* * * * *

          Some musings on bloated software and software performance

This blog post about bloated software [1] got me to thinking about some
recreational programming I recently engaged in.

A while ago I broke down and wrote a program to solve Jumbles [2]. It's a
very straightforward and simple program too:

> #include <stdio.h>
> #include <stdlib.h>
> #include <string.h>
> #include <ctype.h>
>
> #define WORDS   "/usr/share/dict/words"
>
> /***********************************************/
>
> static int cmp(const void *l,const void *r)
> {
>   int cl;
>   int cr;
>
>   cl = *(const char *)l;
>   cr = *(const char *)r;
>
>   return cl - cr;
> }
>
> /**********************************************/
>
> int main(int argc,char *argv[])
> {
>   FILE   *fpin;
>   char   *p;
>   char    work  [BUFSIZ];
>   size_t  len;
>   char    buffer[BUFSIZ];
>   char    dwork [BUFSIZ];
>   size_t  dlen;
>
>   if (argc != 2)
>   {
>     fprintf(stderr,"usage: %s word\n",argv[0]);
>     return(EXIT_FAILURE);
>   }
>
>   strcpy(work,argv[1]);
>   len  = strlen(work);
>
>   for (p = work ; *p ; p++)
>     *p = toupper(*p);
>
>   qsort(work,len,1,cmp);
>   fpin = fopen(WORDS,"r");
>   if (fpin == NULL)
>   {
>     fprintf(stderr,"Huston, we have a problem ... \n");
>     return(EXIT_FAILURE);
>   }
>
>   while(fgets(buffer,BUFSIZ,fpin))
>   {
>     strcpy(dwork,buffer);
>
>     for (p = dwork ; *p ; p++)
>     {
>       if (*p == '\n')
>       {
>         *p = '\0';
>         break;
>       }
>       *p = toupper(*p);
>     }
>
>     dlen = p - dwork;
>     if (dlen != len) continue;
>     qsort(dwork,dlen,1,cmp);
>     if (strcmp(dwork,work) == 0)
>       printf("%*.*s\n",dlen,dlen,buffer);
>   }
>
>   fclose(fpin);
>   return(EXIT_SUCCESS);
> }
>

The whole trick to the program is to take the letters we're trying to
unscramble, say “gerrof”, convert them all to uppercase, “GERROF”, then sort
the letters, “EFGORR”. Then go through a list of words (in this case, the
file /usr/share/dict/words) and for each word in that list, go through the
same process, then compare the sorted sets of letters.

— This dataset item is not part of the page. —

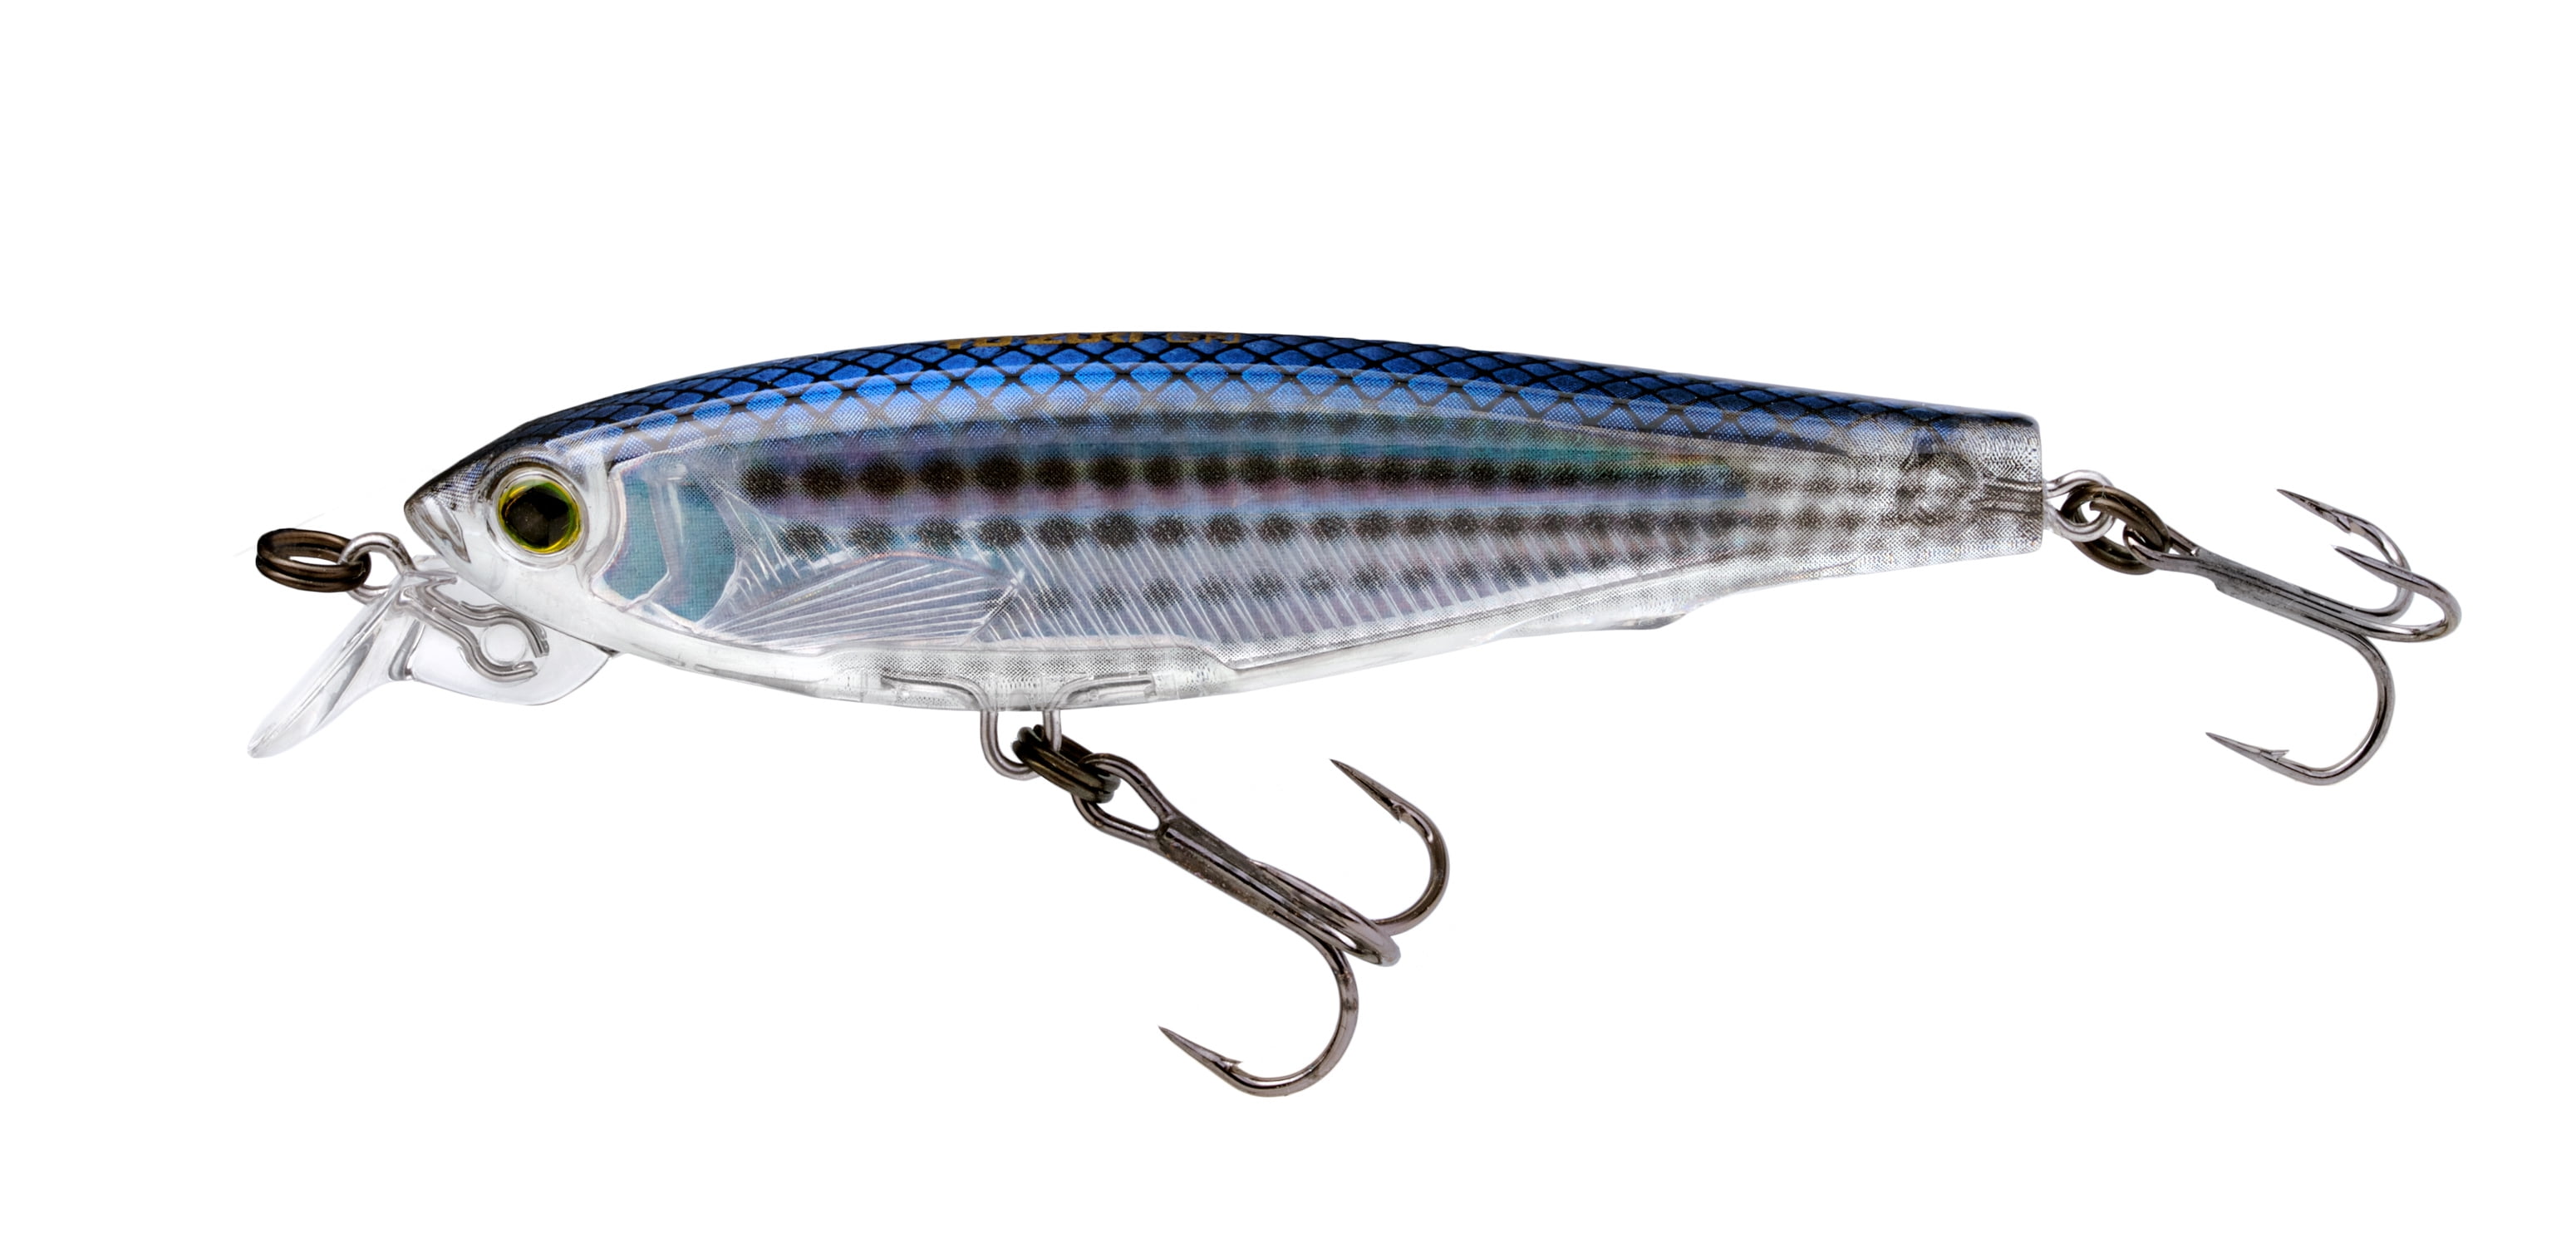 Details about   Jerkbait Bait Fishing Lure 3 1/4 inch 1/4 oz Tight Wobble Slow Floating M638

If they match, that's
the answer (or one of several answers).

And as written, it can do about 6 words a second (164 seconds to process
1,000 words, but I'm re-reading the word list file each time). And that's
certainly fast enough for most people.

But I wrote another version. Just as simple—or rather, even simpler:

> #include <stdio.h>
> #include <stdlib.h>
> #include <string.h>
> #include <ctype.h>
> #include <assert.h>
>
> #include "words.h"
>
> typedef unsigned long Letters;
>
> /*************************************/
>
> Letters has_letters(const char *s)
> {
>   Letters set = 0;
>
>   assert(s != NULL);
>
>   for ( ; *s ; s++)
>   {
>     if (
>          ((*s < 'A') || (*s > 'z'))
>          || ((*s >'Z') && (*s < 'a'))
>        )
>     {
>       set |= CHAR_OTHER;
>     }
>     else
>     {
>       set |= (1uL << (toupper(*s) - 'A'));
>     }
>   }
>
>   return set;
> }
>
> /********************************************/
>
> static int cmp(const void *l,const void *r)
> {
>   int cl;
>   int cr;
>
>   cl = *(const char *)l;
>   cr = *(const char *)r;
>
>   return cl - cr;
> }
>
> /********************************************/
>
> int main(int argc,char *argv[])
> {
>   char    work [BUFSIZ];
>   char    dwork[BUFSIZ];
>   char   *p;
>   size_t  len;
>   size_t  i;
>   size_t  j;
>   Letters set;
>
>   if (argc < 2)
>   {
>     fprintf(stderr,"usage: %s word ...\n",argv[0]);
>     return EXIT_FAILURE;
>   }
>
>   for (i = 1 ; i < argc ; i++)
>   {
>     strcpy(work,argv[i]);
>     len = strlen(work);
>
>     for (p = work ; *p ; p++)
>       *p = toupper(*p);
>
>     qsort(work,len,1,cmp);
>     set = has_letters(work);
>
>     for (j = 0 ; j < cswords ; j++)
>     {
>       if (set != cwords[j].letters) continue;
>       if (len != cwords[j].word.size) continue;
>       strcpy(dwork,cwords[j].word.text);
>       for (p = dwork ; *p ; p++)
>         *p = toupper(*p);
>       qsort(dwork,len,1,cmp);
>       if (strcmp(dwork,work) == 0)
>         printf("%s ",cwords[j].word.text);
>     }
>     printf("\n");
>   }
>
>   return EXIT_SUCCESS;
> }
>
>

It works pretty much the same way, except for two major differences:

 1. it tests potential words against a set of letters. In this case, the set
    is a 32-bit quantity with a bit set for each letter in the word (an “A”
    in the word will have bit 0 set, a “C” would have bit 2 set, etc, as you
    can see from the code above) and the biggie:
 2. instead of reading in the list of words each time, there's a large
    static array of all the words (source not shown here, since the source
    file for that is 62M (Megabytes) in size), which also includes the size
    and letter set of each word.

Yes, a static array of all the words (actually, it's a bit more than that
since each entry also contains parts of speech and synonyms, all courtesy of
The Moby Project [3]), which “bloats” the executable program by 15M. There is
no overhead of processing the data (in tests, it would take about five
seconds to read everything in, which doesn't sound like much, but I'm getting
to that) and even better—since the entire structure is constant, it can be
stored in the read-only section of the program executable, which helps avoid
excessive paging (since the operating system can discard any pages not
recently used instead of paging out to swap space; if it needs the pages it
can page them in directly from the executable file).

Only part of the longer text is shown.